Are you thinking about laying it on its back and building some sort of jig that would allow you to make several passes cutting a little deeper each time?

DeWalt 611 router, right?

If so, I don't know if a straight router bit is available with a 1/4 inch shank that would cut that deep.


----------



## Shop guy (Nov 22, 2012)

IF you can remove the shelves which I doubt can do without damaging the sides and or back you could easily do what you have in mind on the table saw. Otherwise buy new jars. Just my opinion.


----------



## Crossvine (Feb 14, 2018)

MT Stringer said:


> Are you thinking about laying it on its back and building some sort of jig that would allow you to make several passes cutting a little deeper each time?


Yes, that was my plan. I can't take it apart, each individual shelf has 7 nails and is glued across the back as well as each end.

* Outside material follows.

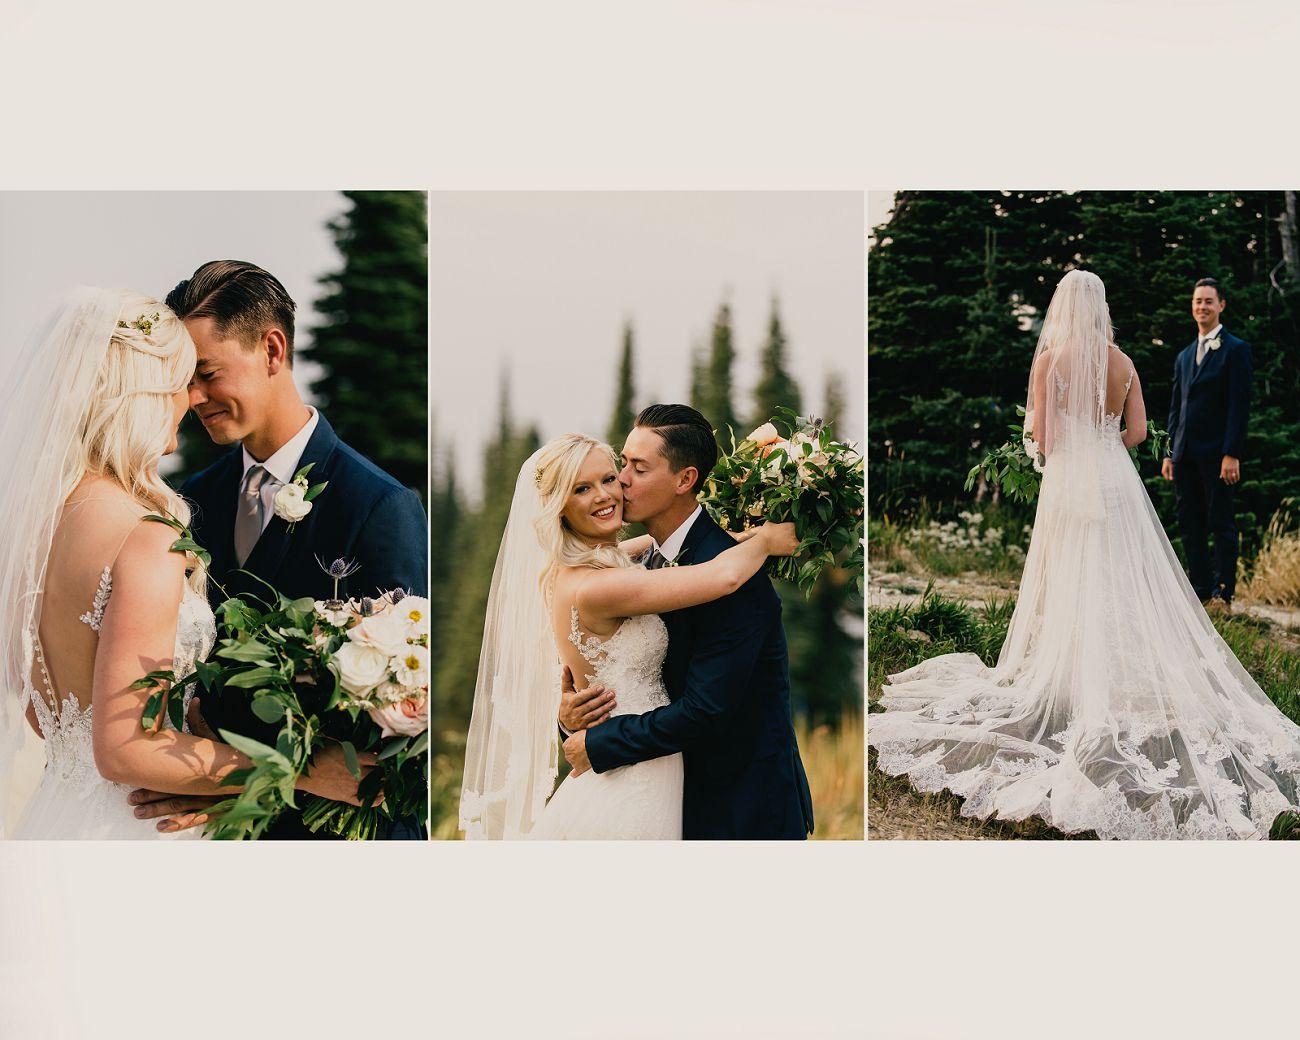 Jennifer_Mooney_Photo_Whitefish_mountain_resort_wedding_elegant_montana_wedding_007.jpg

If I can't get a bit long enough then I'm out of luck. I checked 1/4 straight bits on amazon but was confused by the terminology. shank length vs bit length vs cutting length.


----------



## Semipro (Mar 22, 2013)

*Pattern*

First i think you need to start over, but it possible.
A pattern bit with double bearings top and bottom then replace the bottom bearing with a 1/16” smaller bearing. Lay a board acrossed the the cabinet to run the the top bearing on. Now the problem like Mike said your need a router to accept a 1/2” shank bit. Also that bit is Probably over $30


----------



## Auriga (Feb 13, 2018)

I did see some 1/4" router bits with 1.5" cutting depth (or I could be misinterpreting it, since I use metric by default), which would be the easiest fix. If I were to improvise, I'd probably use a circular saw and cut into each shelf (after scoring the line with an xacto knife - this helps a lot) and then chisel out the rest.

EDIT: I did misinterpret it. It was a 1/2" bit, sorry.


----------



## Stick486 (Jan 4, 2013)

¾'' trim bit w/ a bottom bearing...
Freud Tools | 3/4" (Dia.) Bearing Flush Trim Bit
change the bottom bearing to ½'' dia. that will remove 1/8'' of material...
Freud Tools - Search Results for bearing
do yourself a favor and get the set of bearings for the long range...
cut for depth (front to back) in a minimum of 3 passes... 4 would be better..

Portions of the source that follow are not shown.